Julia Bell | |
---|---|
Born | January 28, 1879 |
Died | April 26, 1979 | (aged 100)
Nationality | British |
Fields | Genetics |
Institutions | University College London |
Alma mater | London School of Medicine for Women |
Influences | Karl Pearson |
Julia Bell (January 28, 1879 – April 26, 1979) was a pioneering English human geneticist.[1] She attended Girton College in Cambridge and took the Mathematical Tripos exam in 1901.[2] But because women could not officially receive degrees from Oxford or Cambridge, she was awarded a master's degree at Trinity College, Dublin for her work investigating solar parallax at Cambridge Observatory.[3] In 1908, she moved to University College London and obtained a position there as an assistant in statistics.
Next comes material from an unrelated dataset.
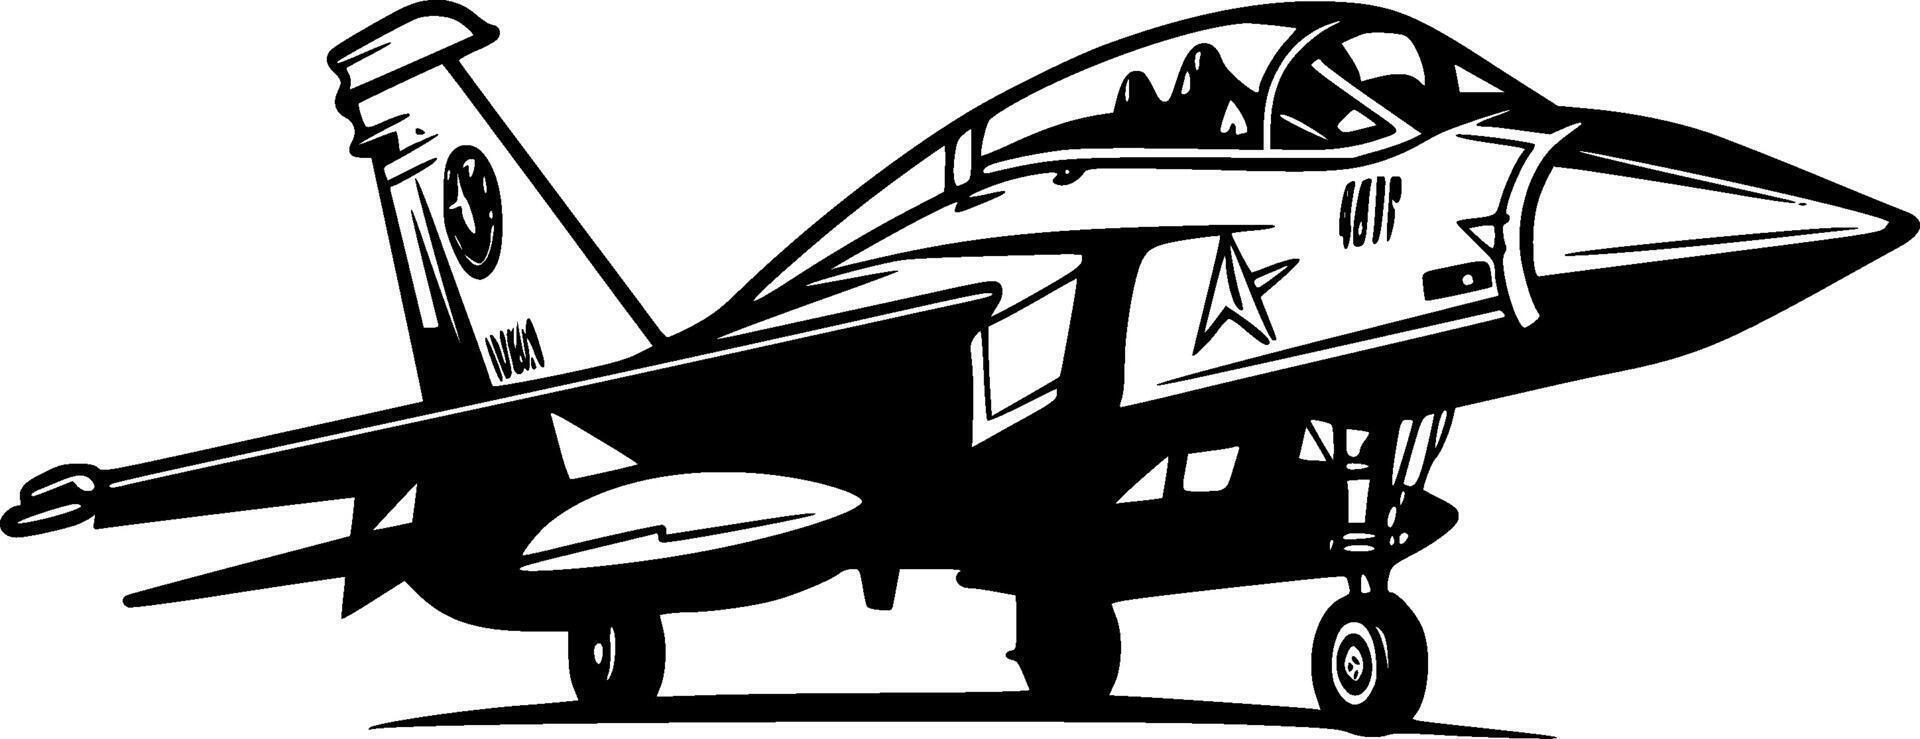 Kämpfer Jet - - minimalistisch und eben Logo - - Vektor Illustration

Her mentor was Karl Pearson (1857–1936), one of the founders of modern statistics, who prompted her to change to medicine in 1914. She studied at the London School of Medicine for Women (Royal Free Hospital). She qualified in 1922 and was elected a Fellow of the Royal College of Physicians in 1938.
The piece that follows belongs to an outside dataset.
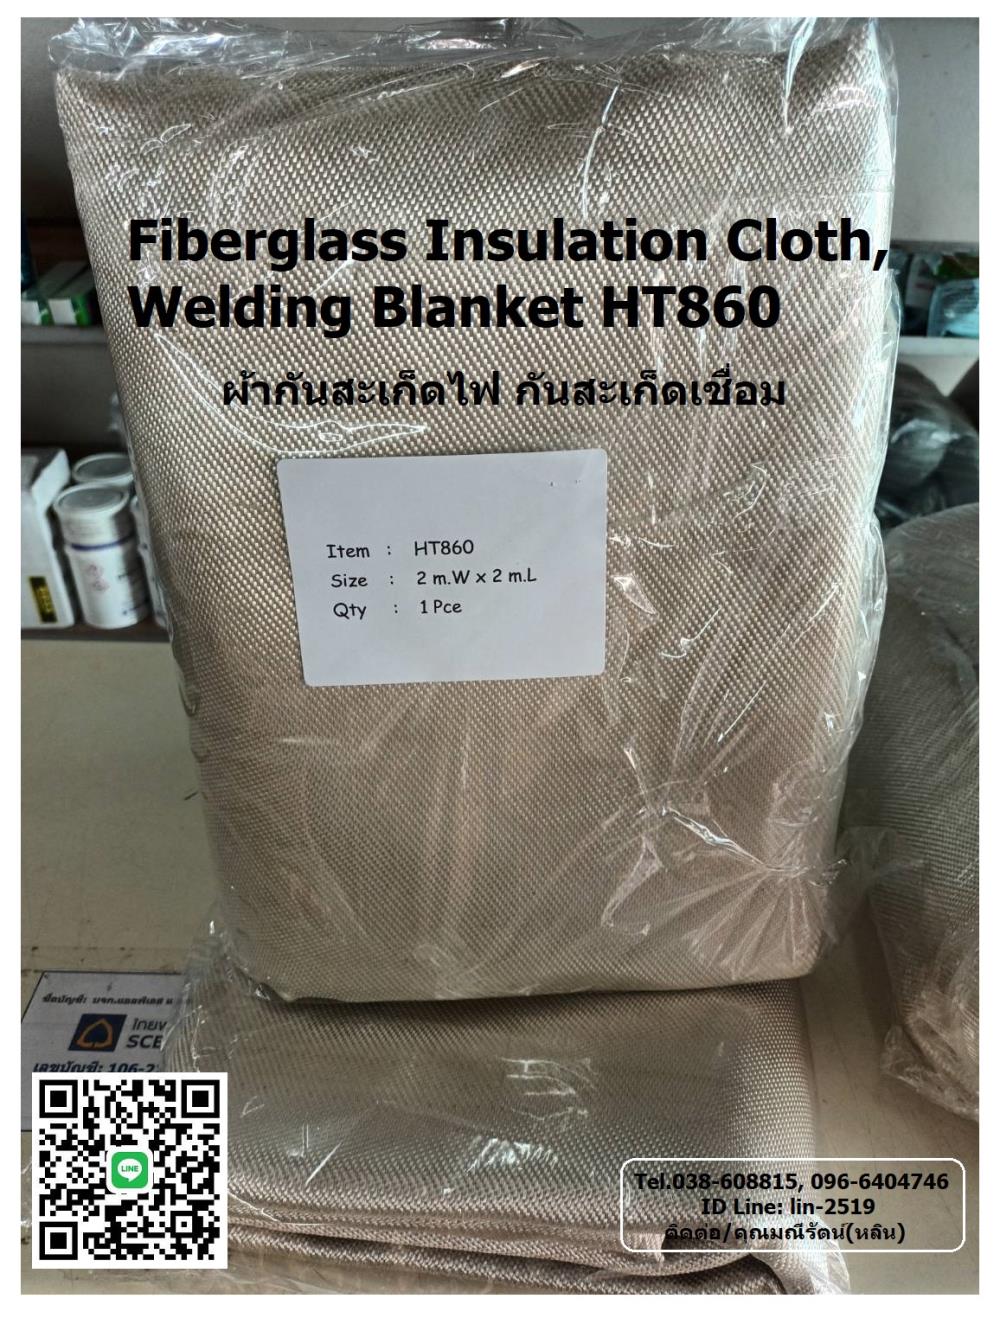 Fiberglass Insulation Cloth, Welding Blanket HT860 ผ้าไฟเบอร์กลาสกันสะเก็ดไฟงานเชื่อม งานตัดเหล็ก และงานหุ้มฉนวนกันความร้อน,Fire Blanket, Insulation Cloth, Welding Blanket, HT860, ผ้ากันไฟ, ผ้าห่มกันไฟ, ผ้าคลุมดับไฟในวงแคบ, ผ้าคลุมไฟในโรงแรม, ผ้าคลุมไฟ, ผ้ากันสะเก็ดงานเชื่อม, กันความร้อน, ,Fire Blanket,Industrial Services/Repair and Maintenance

Working as a member of the permanent staff of the Medical Research Council at the Galton Laboratory, University College, Julia Bell did pioneering work in documenting the familial nature of many diseases. She wrote most of the sections in a unique series known as The Treasury of Human Inheritance published between 1909 and 1956, from The Galton Lab. Bell's "combination of mathematical training, genetic knowledge and clinical expertise yielded numerous important insights into human inheritance first appearing in the Treasury," Harper noted.[4] Julia Bell's Treasury of Human Inheritance "remains a valuable scientific as well as an historical record of the genetics of a range of important inherited disorders."
In 1937 Julia Bell published a landmark article with J. B. S. Haldane which reported a linkage between the genes for colourblindness and haemophilia on the X chromosome.[5] This discovery was a key step toward the mapping of the human genome.
Julia Bell kept working actively for many years. At age 82 she wrote an original article on rubella and pregnancy; she retired at age 86; she kept in touch with genetics until her death at the age of 100.
Besides the Martin–Bell syndrome,[6] now known as the fragile X syndrome, Julia Bell's name is associated with five forms of brachydactyly.